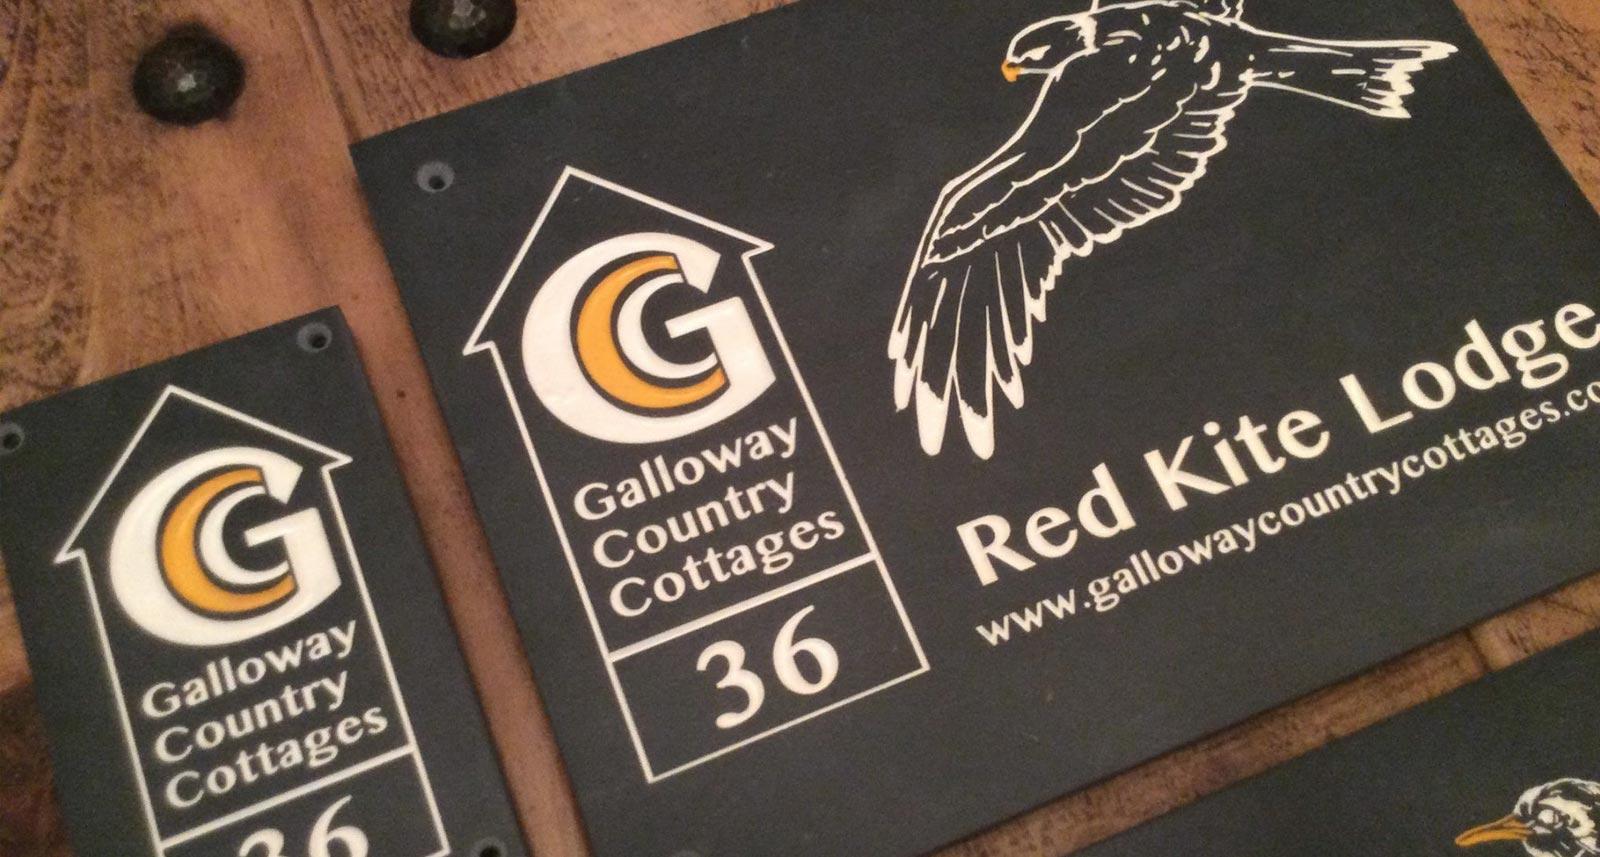 House Signs In Slate - Web Designers Torquay Devon
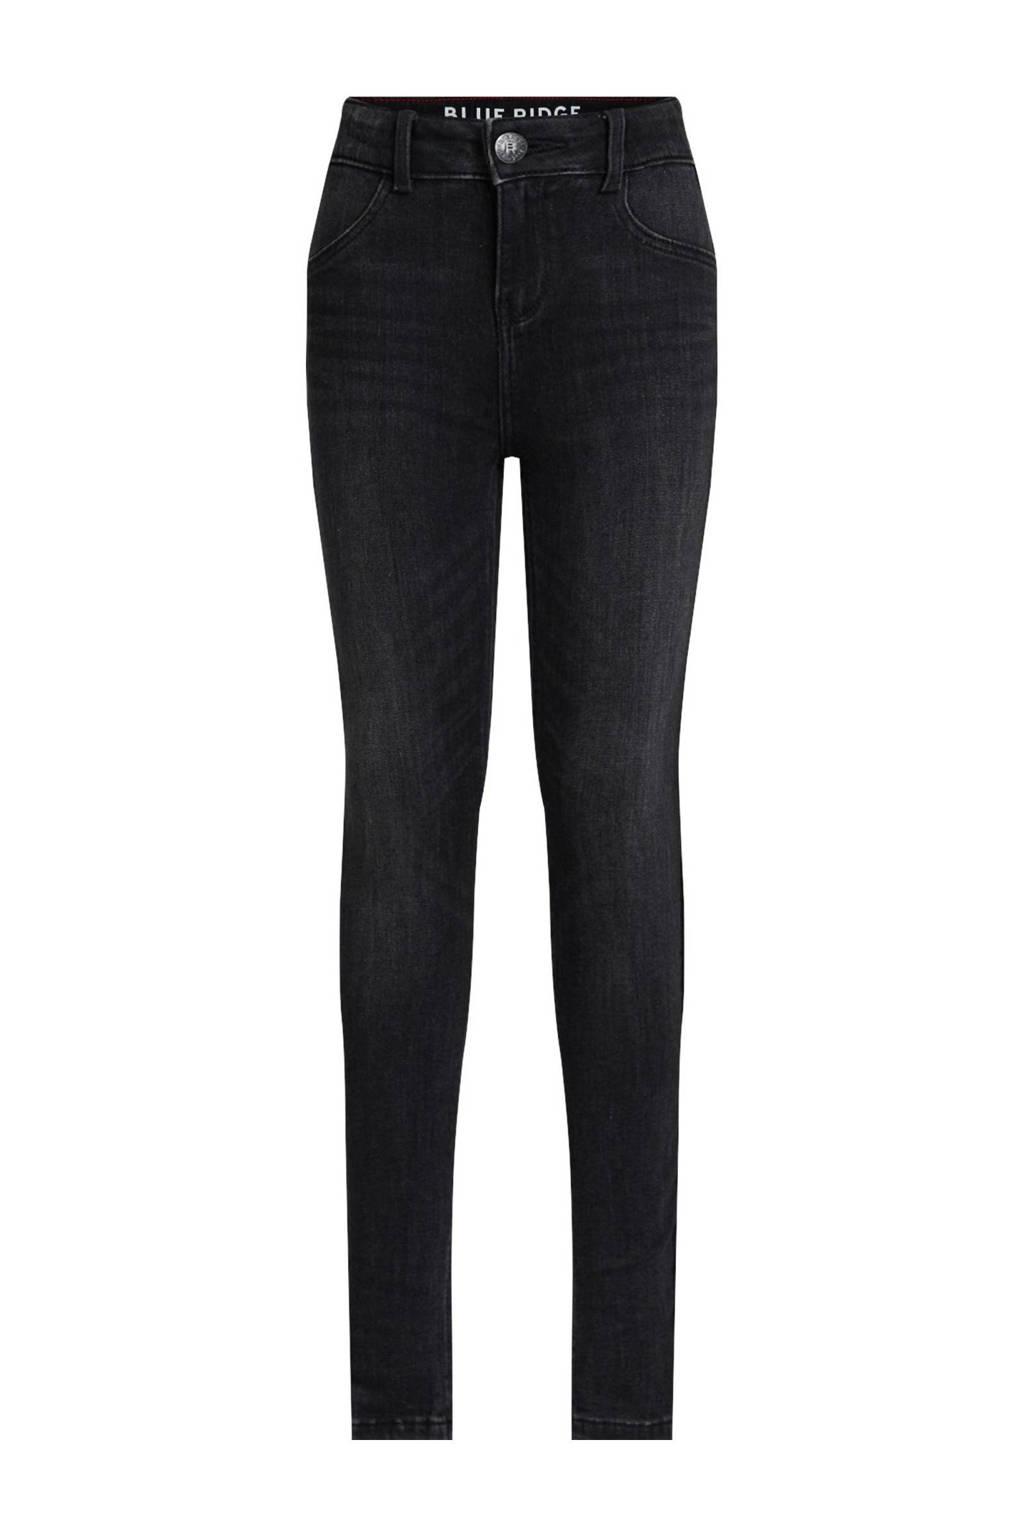 WE Fashion Blue Ridge super skinny jeans Yfke antraciet, Antraciet
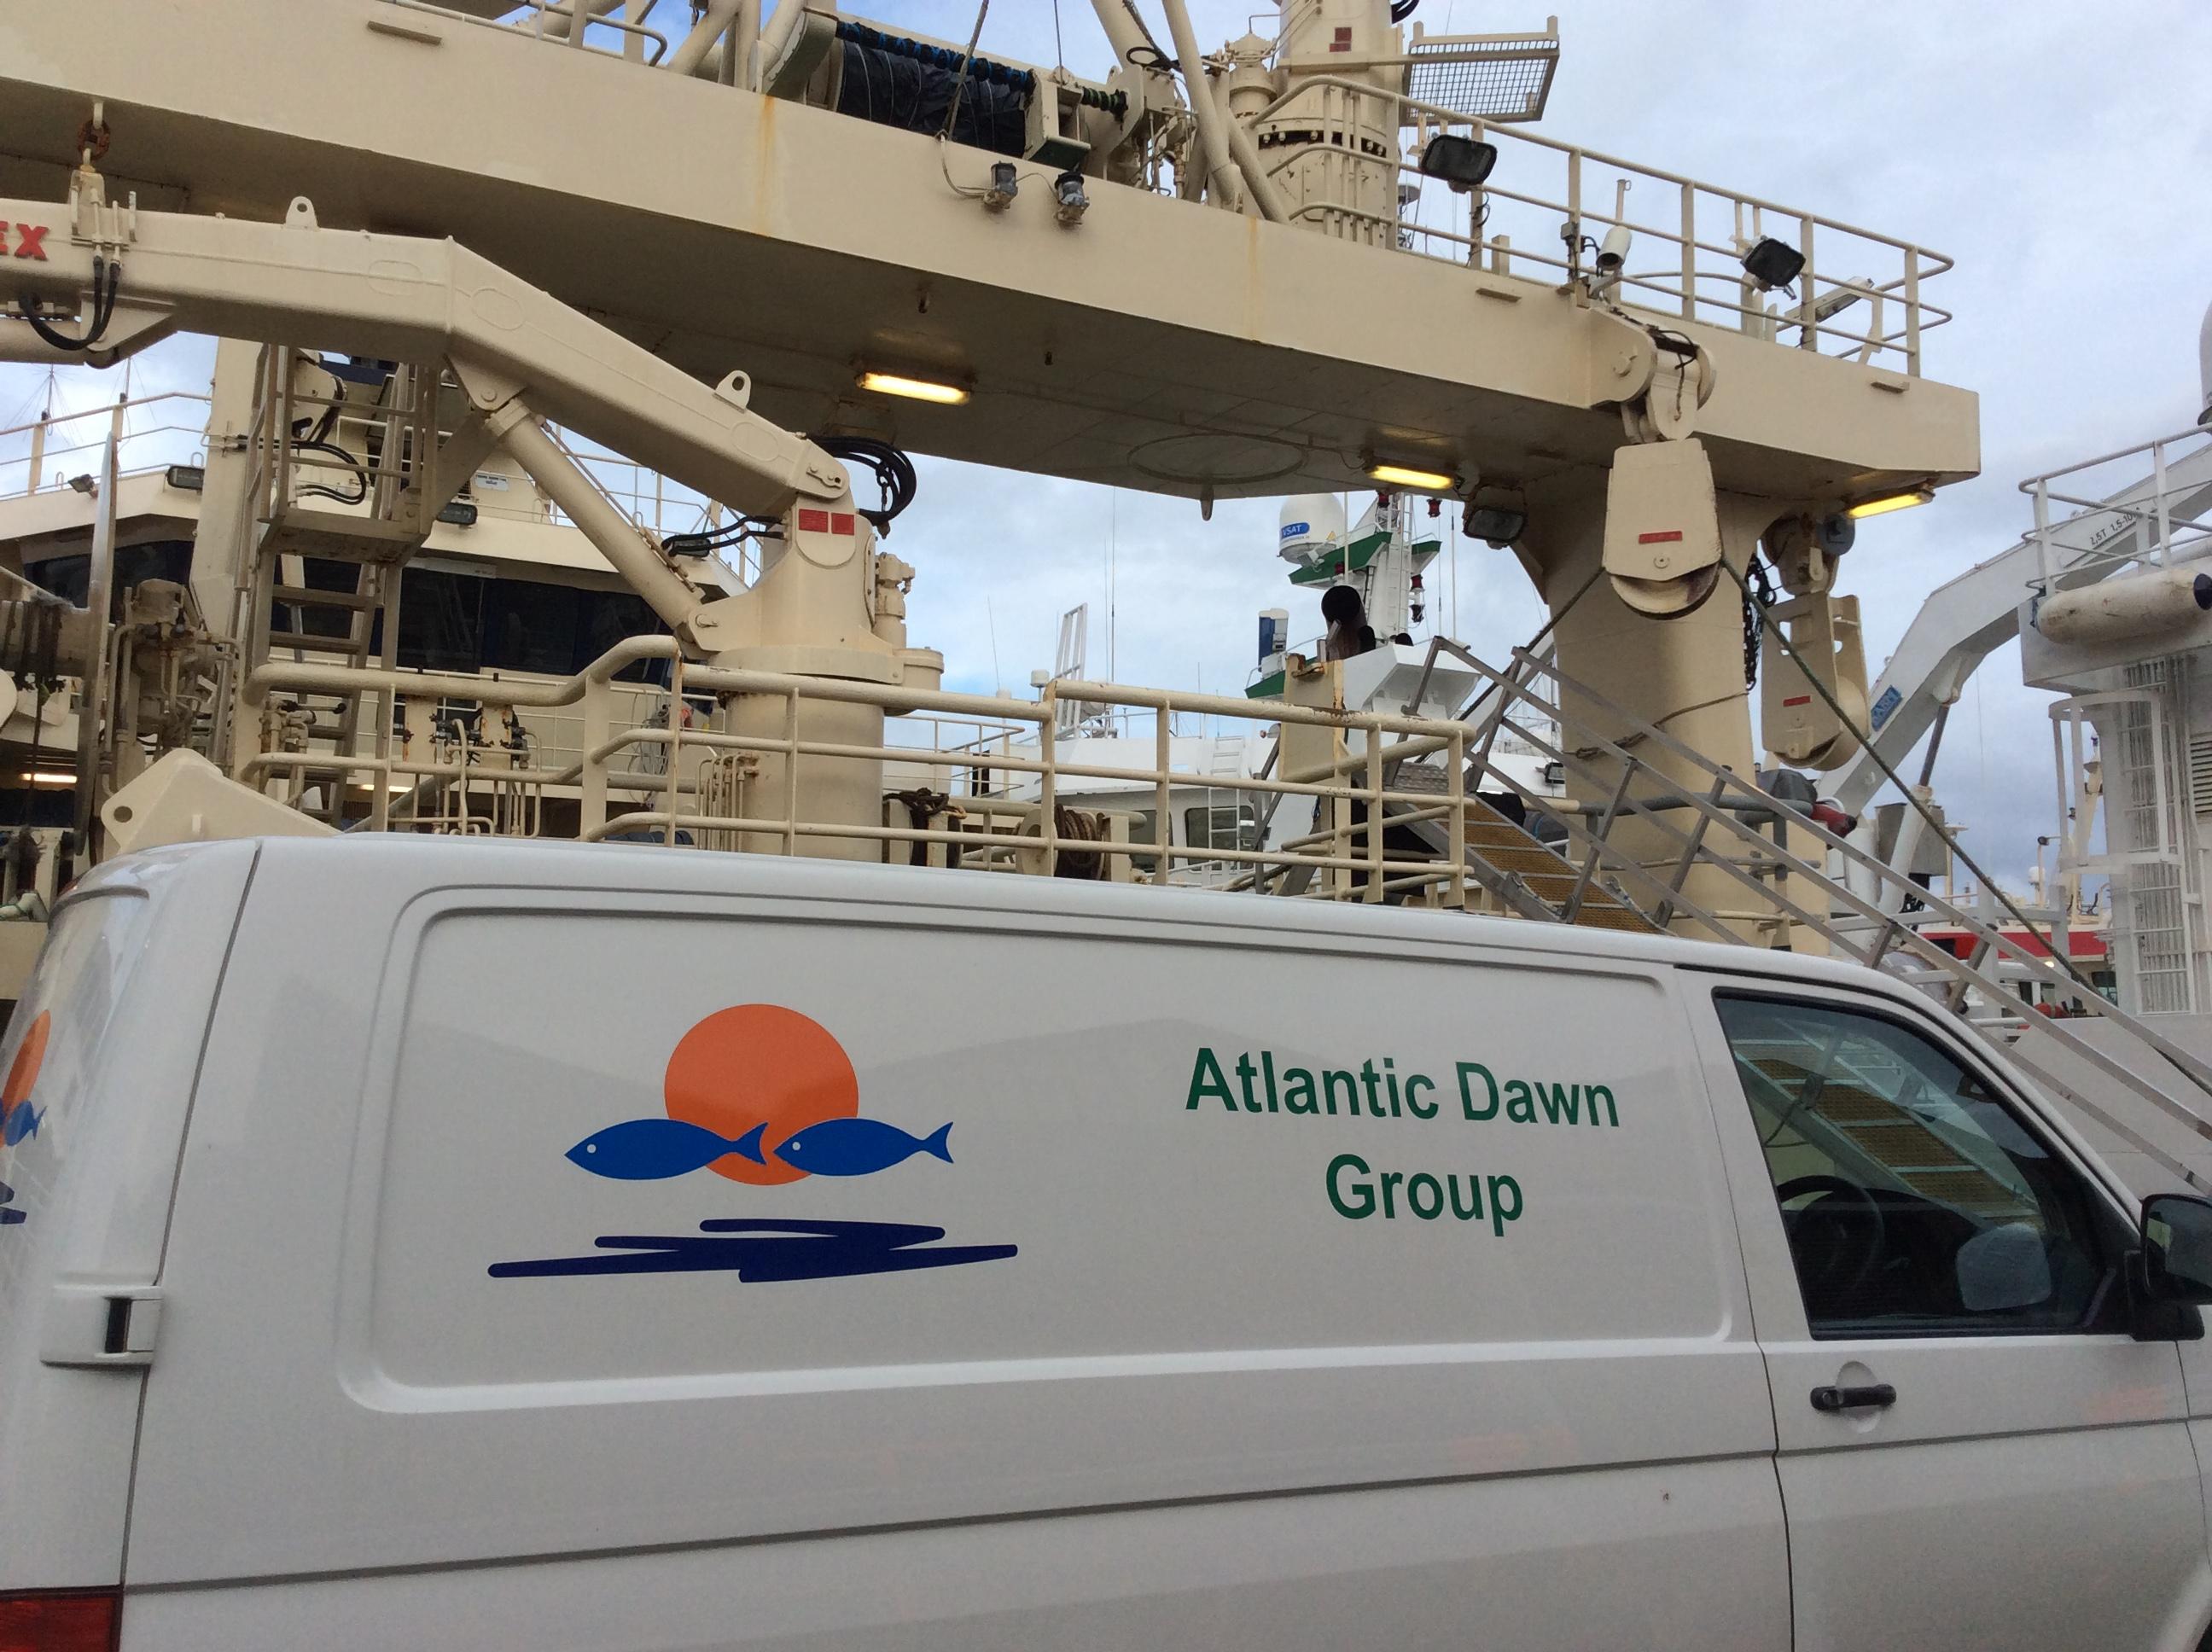 Vehicle of Atlantic Dawn Group
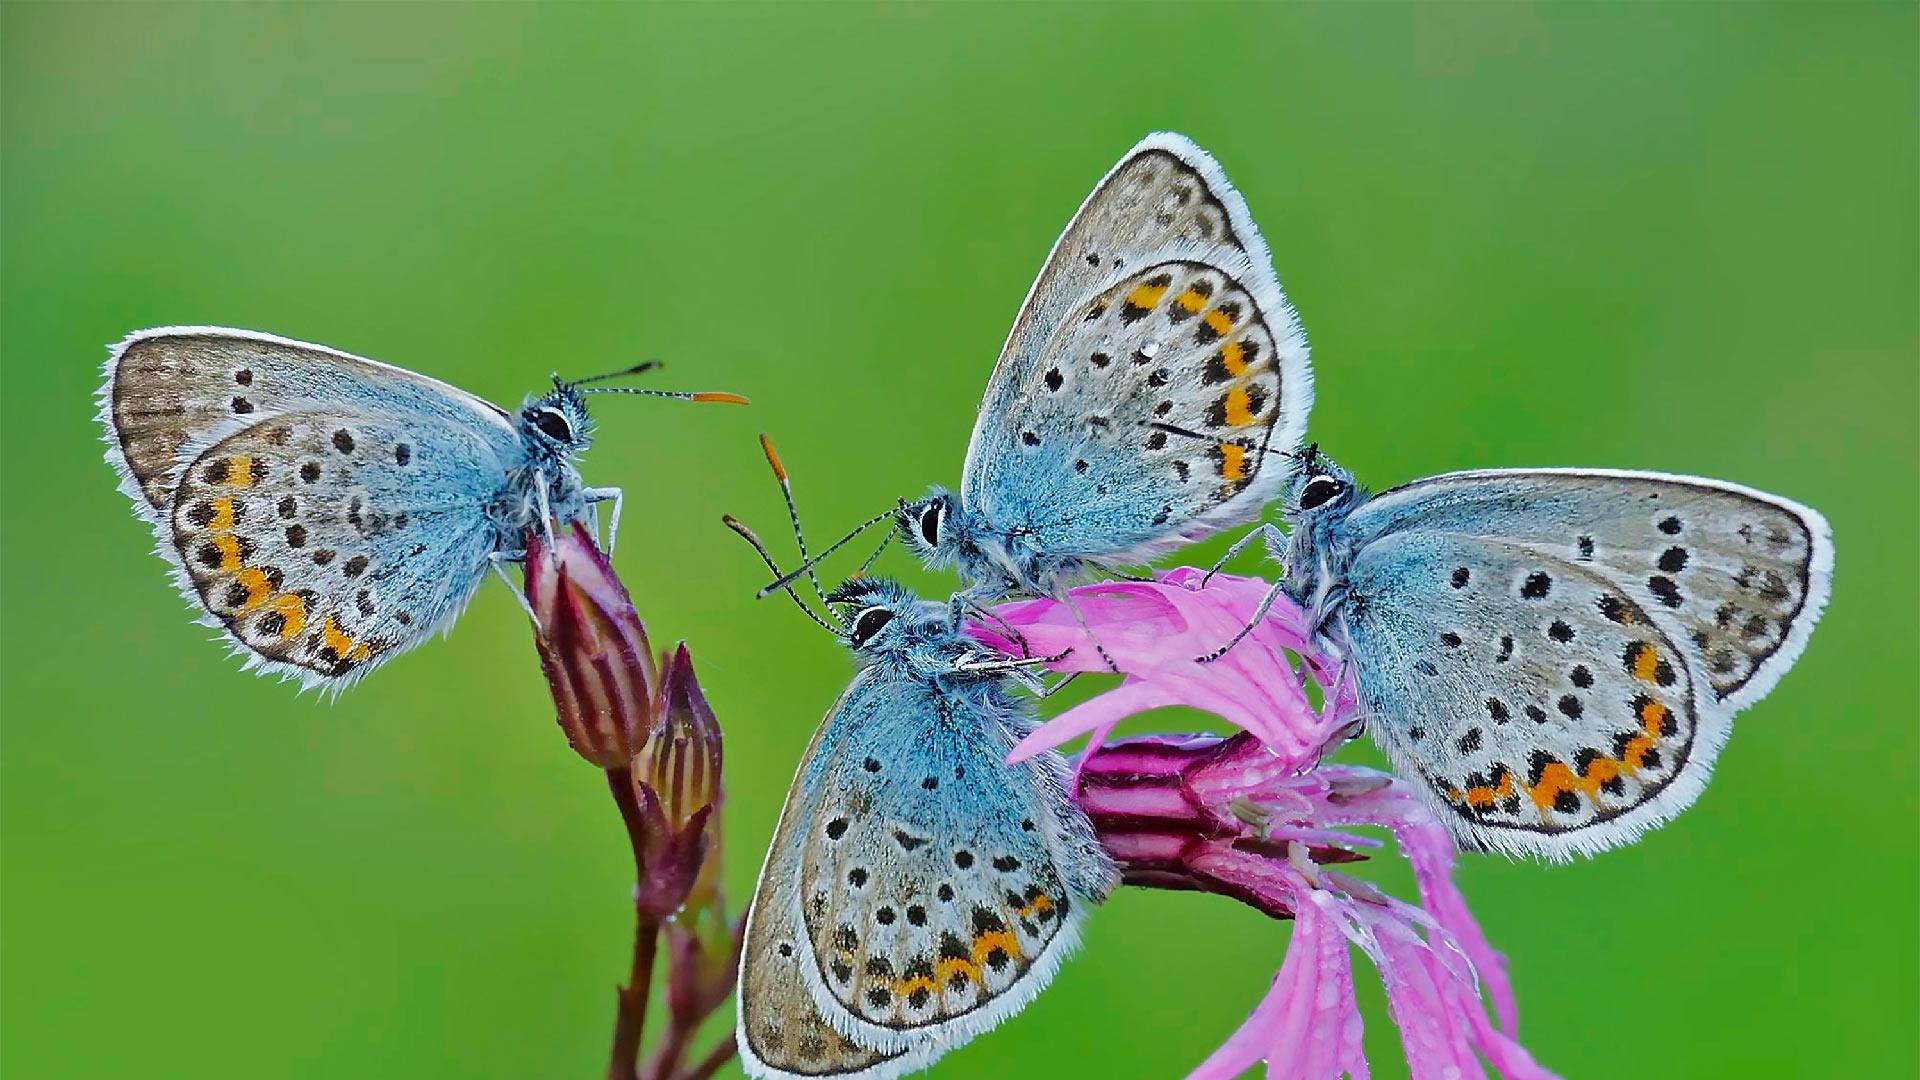 Butterflies in the Regional Park of Castelli Romani, Italy (© Solent News/Splash News/Corbis)

━━━━━━━━━━

### DIRECTIONS:
Please make an exact copy of the whole listing and leave out its pictures.

### SOLUTION TO THIS TASK:
 House Signs In Slate - Web Designers Torquay Devon
 WE Fashion Blue Ridge super skinny jeans Yfke antraciet, Antraciet
 Vehicle of Atlantic Dawn Group
 Butterflies in the Regional Park of Castelli Romani, Italy (© Solent News/Splash News/Corbis)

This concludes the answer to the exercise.